Programs at Ghanaian funeral ceremonies have gone through minor changes since the pre-urbanization era. Social status, ethnicity and, of course, wealth are all determinants of the size and duration of the event. No single social gathering brings people together like a funeral ceremony – always as a communal event; the concept of a private family affair is largely unfamiliar.
Relatives of the deceased who do not attend face huge social stigma. Accommodation, food, clothing (T shirts or cloths commemorating the deceased) and sometimes transportation are all provided for the guests, some of who have travelled from far, in exchange for their support and attendance.
Also, assuming a hands-on role in the planning and executing of the event are the able hands of the extended family. And in the absence of funeral home services, the extended family handles everything. Memorial services function as a source of informal employment for relatives and friends with flexible timetables. Hence, bigger and longer funeral necessitate more organizers and are therefore profitable for the semi-employed. Interment services in the Akan communities, which constitute the largest ethnic groupings in Ghana, of which I am a member, are very much a cultural event replete with arcane elaborate ritual practices that are upheld by the elders of the extended family.
The actual funeral ceremony took an entire weekend – from midday Friday to Sunday evening. At midday Friday, the deceased body was fetched from the morgue and prepared for public viewing. During “Wake Keeping,” the eponymous first program, the deceased’s body was made available for public viewing so guests and relatives could pay their respects. This went on all night. This was followed on Saturday morning by church services at the city’s cathedral, where tributes and the biography of the deceased were read.
Burial followed with Christian last rites and non-Christian cultural rituals performed by the clergy and a family elder respectively.

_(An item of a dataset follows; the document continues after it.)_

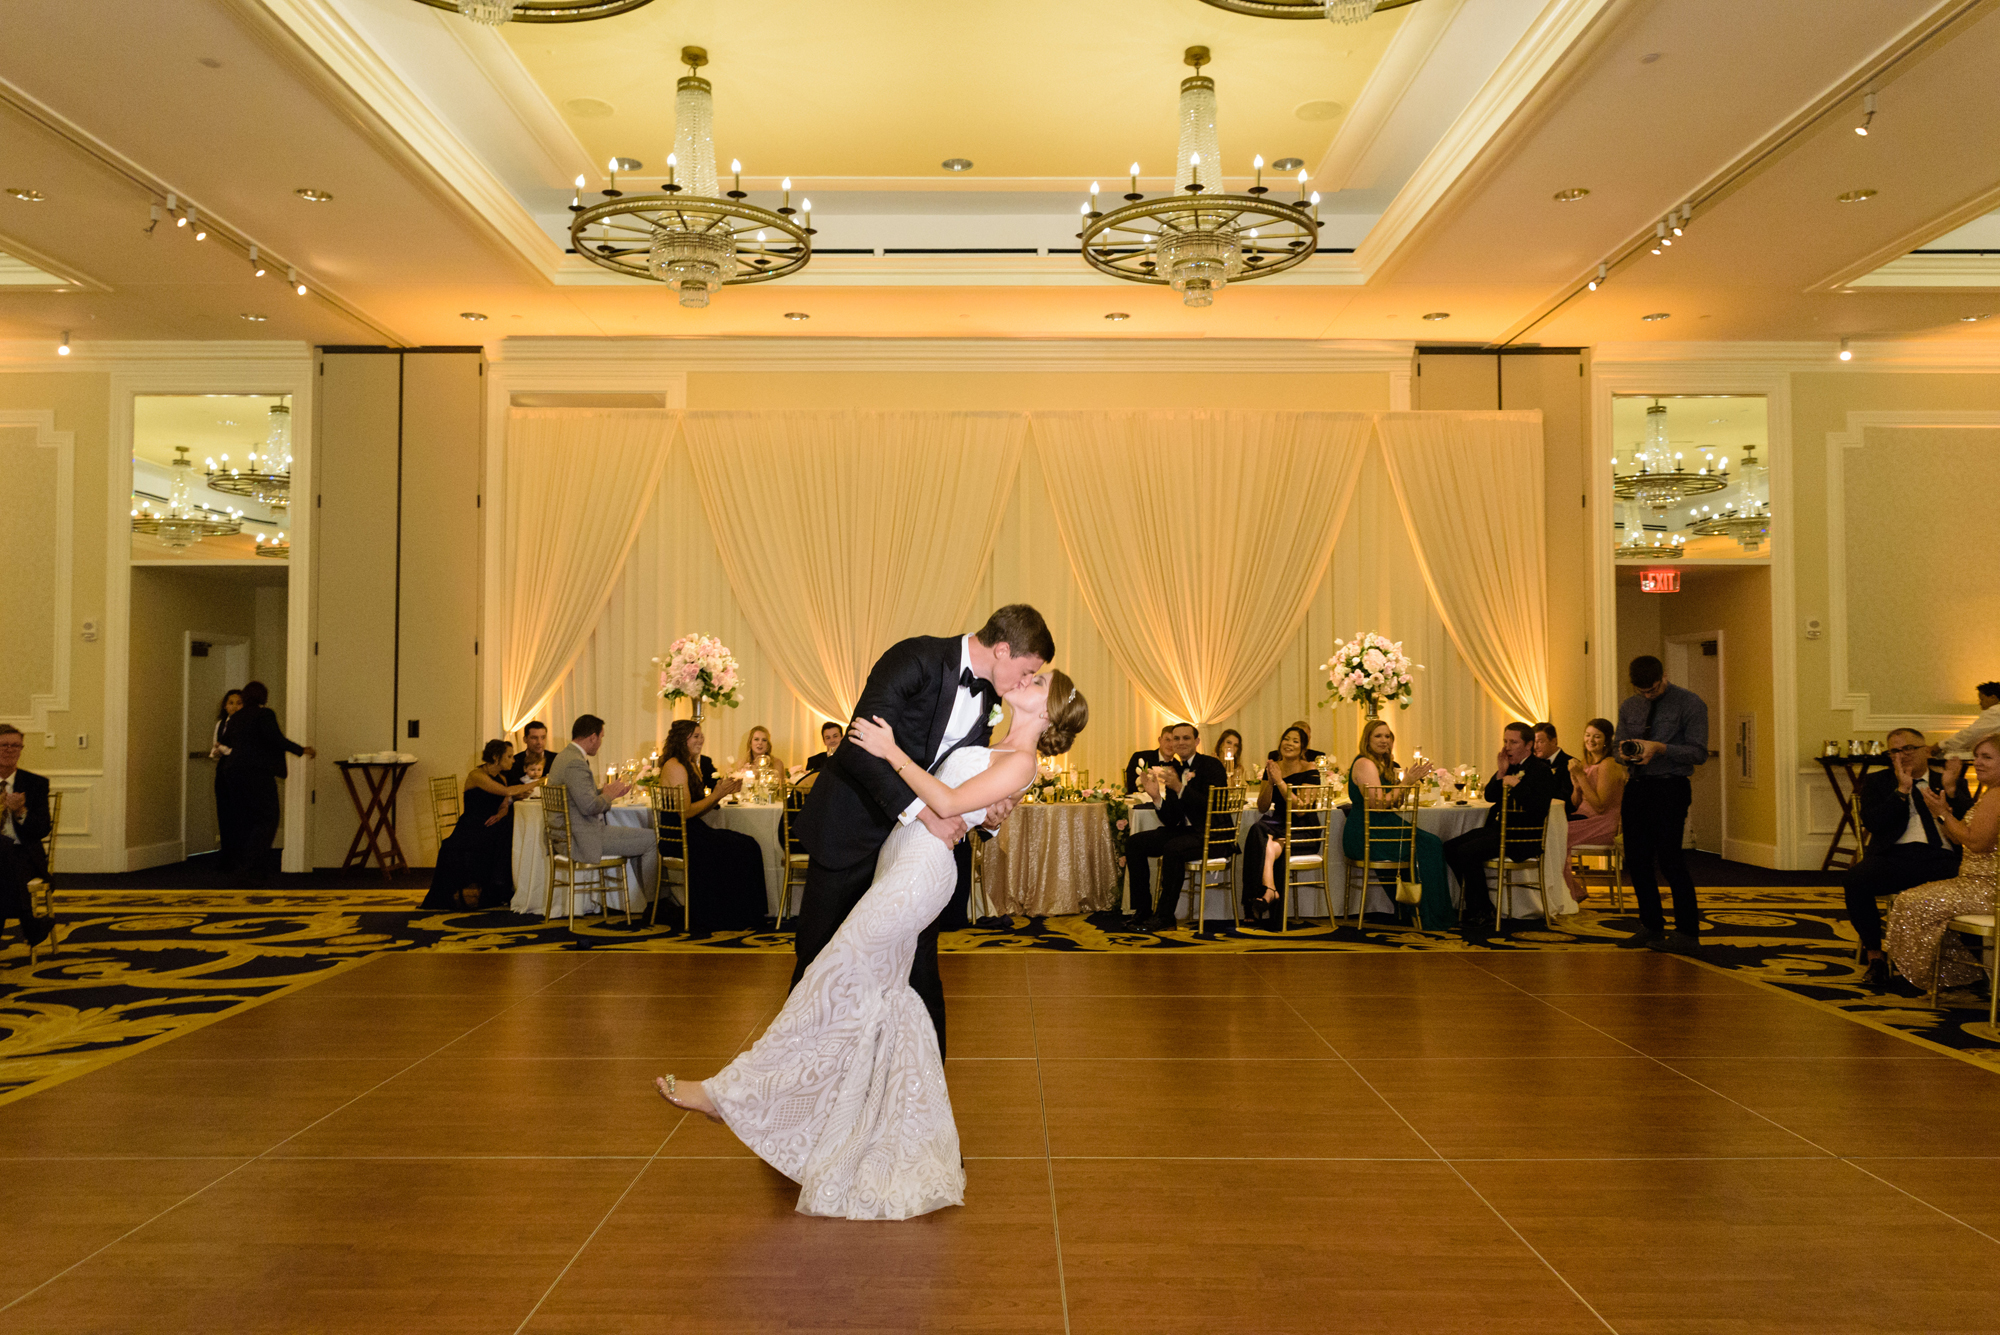 Bride & Groom’s first dance at a Wedding Reception at Morris Inn of Venue ND

A send-off party open to the general public at the city hall with free food, drinks, blazing music and dance marked the end of the second day program. The final day was the Thanksgiving Day: early morning church service, gathering of family members to discuss pertinent matters, and collection of monetary donations from guests and sympathizers.
As much as I see the value in some aspects of the Akans’ long-standing funeral practices, such as providing informal employment, I eschew the ostentatious aspects. Too much money and time are spent marking the passing of a person. This gives the impression that there is more value and investment in the dead than in the living.

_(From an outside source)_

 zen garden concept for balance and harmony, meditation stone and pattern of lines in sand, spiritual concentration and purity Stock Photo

Another reason for my opposition is that these ceremonies strike me as garish and vane. A friend confirmed this suspicion when he blabbed that his relative’s funeral ceremony was organized to make others feel jealous. I was surprised.
I understood what he meant, but I questioned him to be sure he meant what he had said. I have been wrestling with my own questions about these practices. Some of what pass for funeral cultural practices were once relevant and useful at certain periods; certainly, when they functioned to reinforce the communal ethos. Today, they sometimes seem to be spectacles of one-upmanship.
In a nutshell, religious fervour, economic hardship and excessive cultural practices are linked in ways that can be culturally shocking to the uninformed. Against the backdrop of intense religious expression and gaudy funeral ceremonies is financial uncertainty.
As long as there are unmet financial needs, the hope for magic solutions in religion is plausible. However, given the poverty of the citizenry, such elaborate and extravagant funeral rites seem not to make sense any longer.